Art Deco Homes in Washington DC Area

The term Art Deco evokes memories of a long-ago era of style and glamour, from film to other forms of popular culture. But this early 20th Century design movement has also had a more lasting architectural influence in Washington DC and the larger DC Metropolitan area.

When it comes to construction, the design principle is most commonly found in commercial or multiunit residential structures rather than detached single-family homes for sale. That certainly isn’t a hard-and-fast rule, as there are examples of Deco houses here and there. But the style with its geometric influences is more typically associated with old stores, hotels or apartment buildings that have more recently converted to condos for sale.

The Origins of Art Deco

Art Deco is commonly thought to have originated in France in the early 1920s, particularly through the International Exhibition of Modern Decorative and Industrial Arts in Paris, 1925. It wasn’t long before the clean, classic lines gained popularity.
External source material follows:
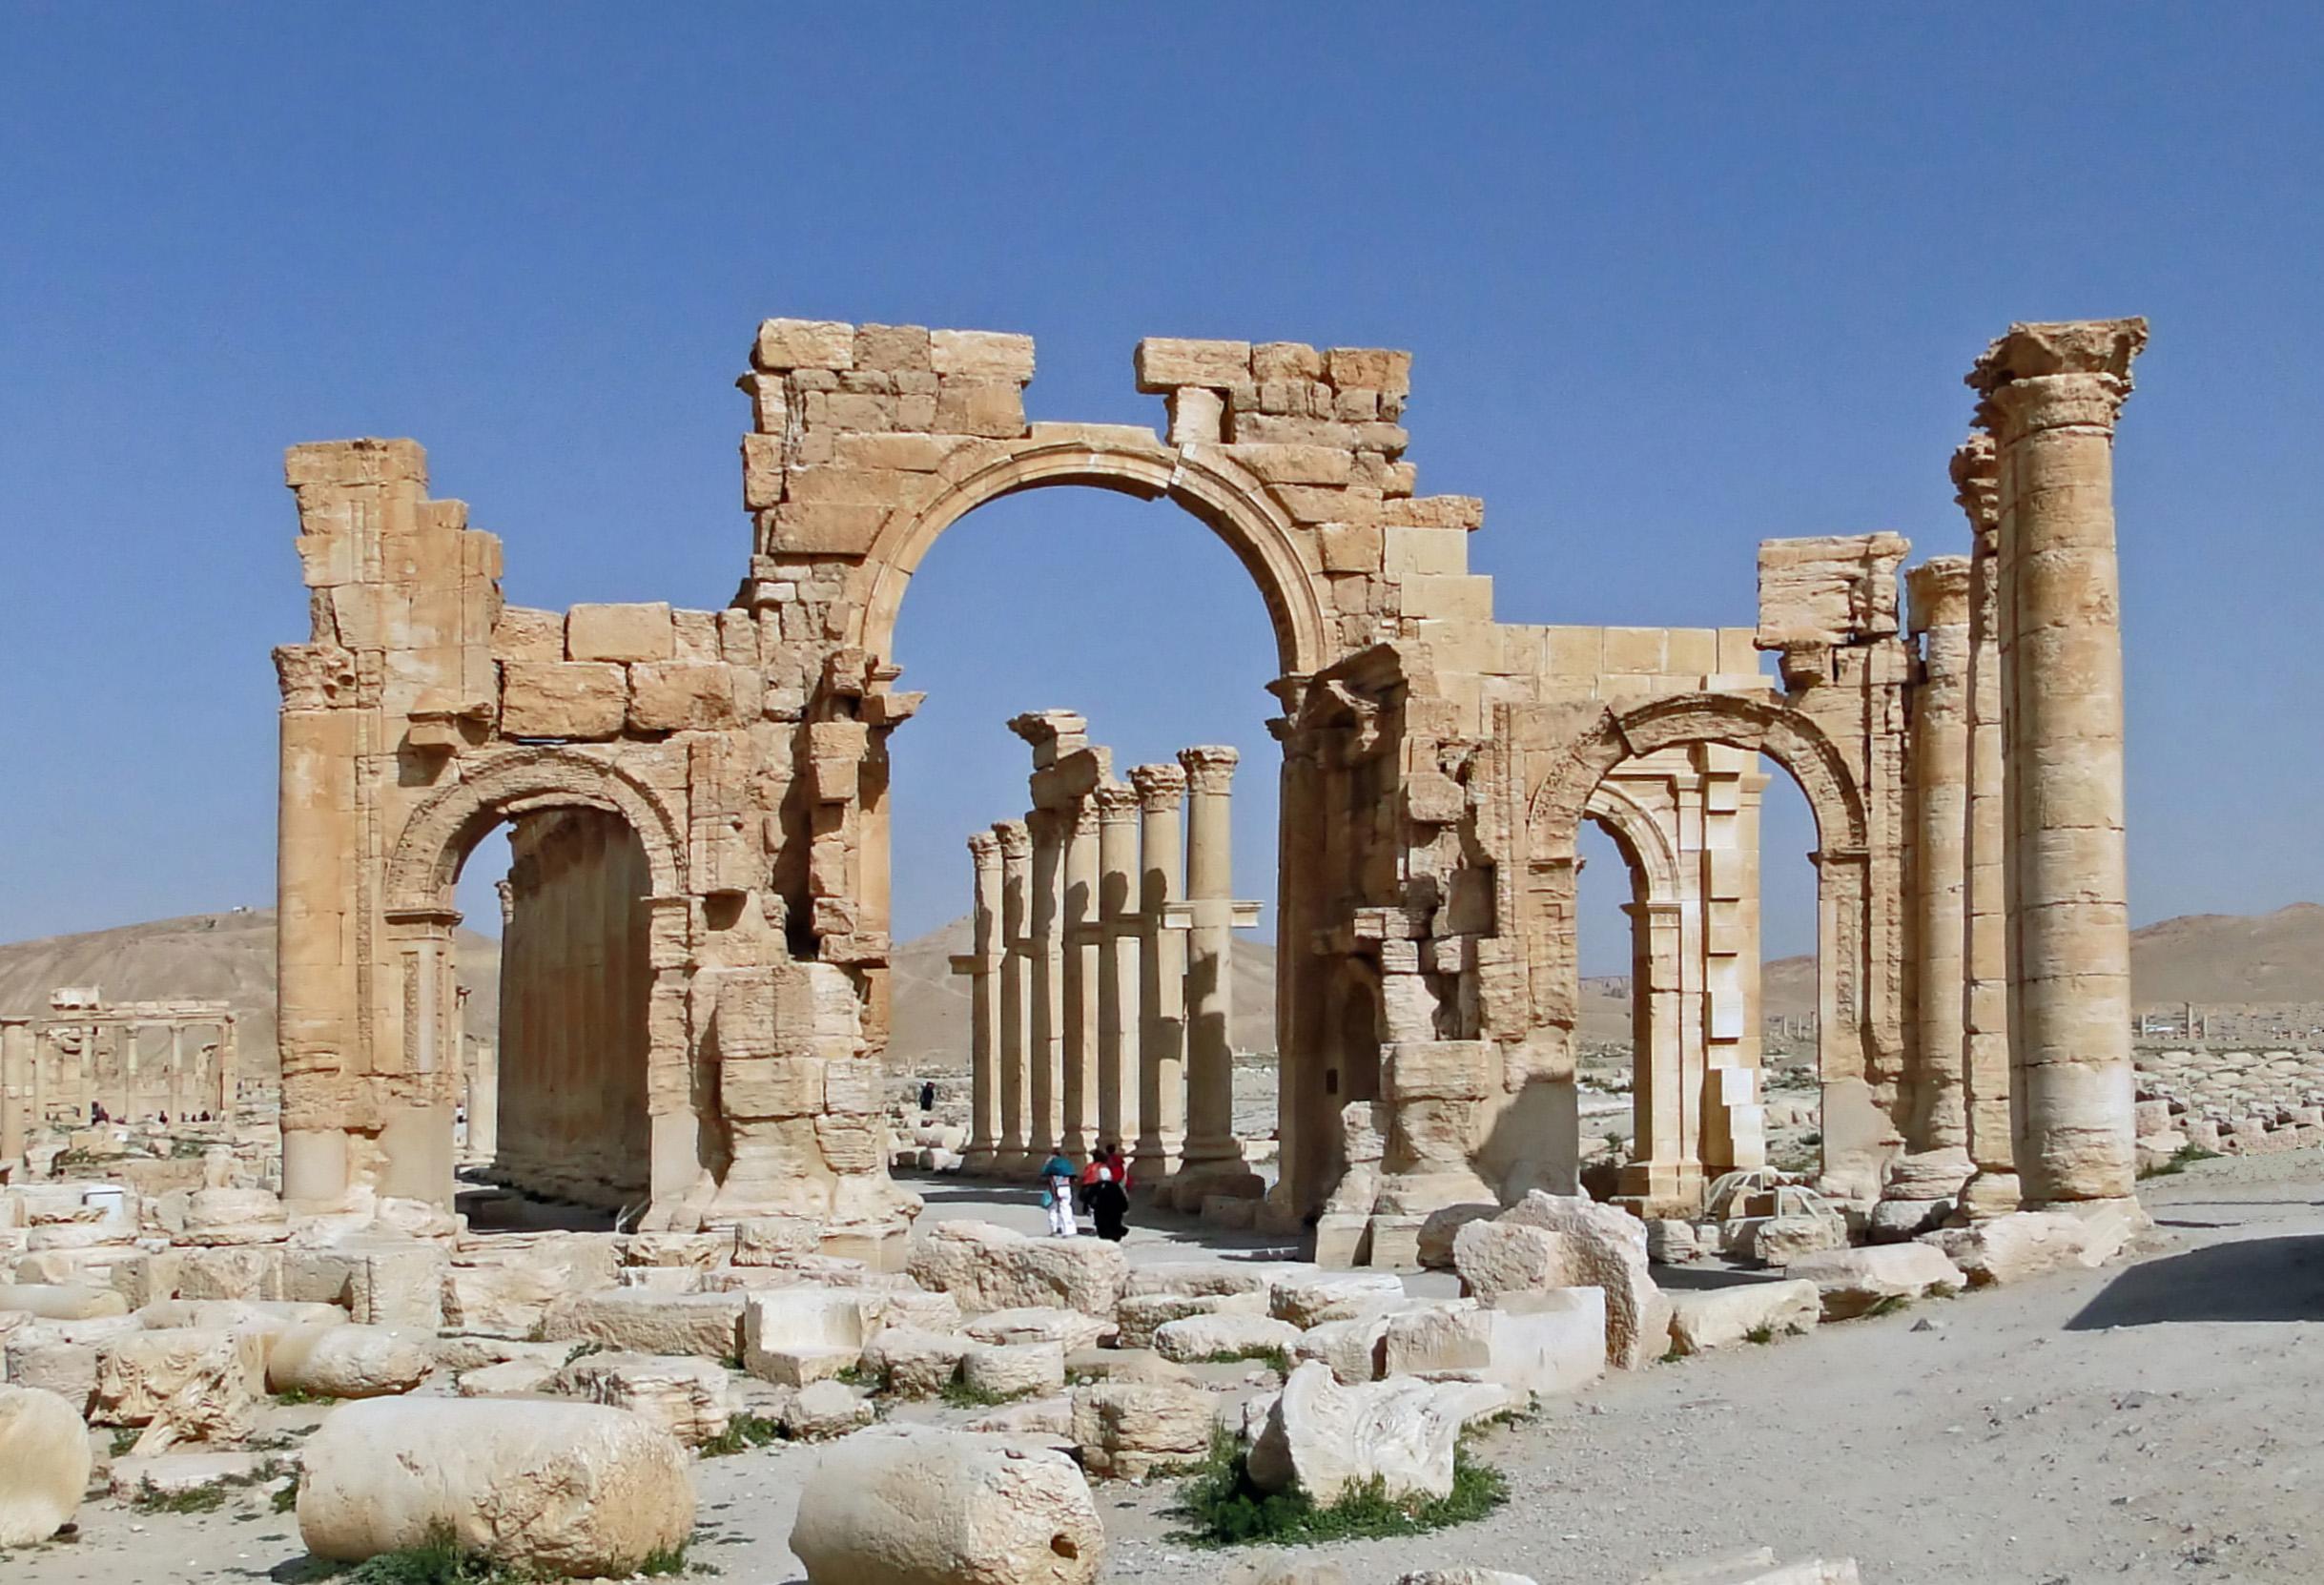 Source: WikiMedia, https://upload.wikimedia.org/wikipedia/commons/2/21/Palmyra_-_Monumental_Arch.jpg

Hollywood set designers were especially keen on the look during the 1930s—Busby Berkeley musicals are a good example with their stark white ballrooms as well as incredible staircases arranged in striking symmetry as showcases for dancers

Movie theaters, storefronts and other buildings were prime recipients for a design movement that had certain common denominators, but that didn’t always adhere to the same rules. For instance, cubism and hard angles were present in many Deco designs while others favored sweeping curvilinear shapes. The sleeker Streamline Moderne offshoot is a good example of the latter.

 Where are Art Deco Buildings Found in DC?

Art Deco architecture can be found throughout the Washington Metropolitan area. However, there is a larger concentration within the District itself.

The Streamline Moderne offshoot mentioned above is nicely represented by the Cityline at Tenley. Originally an iconic Sears Roebuck store, the structure with its curved façade has now been redeveloped, perched on top of a Metro station, and featuring 204 luxury condos for sale plus ground-level retail.

Other interesting Deco condominium conversions include Capitol Vista, a classic 1921 building on Capitol Hill; the New Plaza in Logan Circle (built in 1937) and the fabulous Woodley Park Towers, built in 1929 and listed in James Goode’s Best Addresses.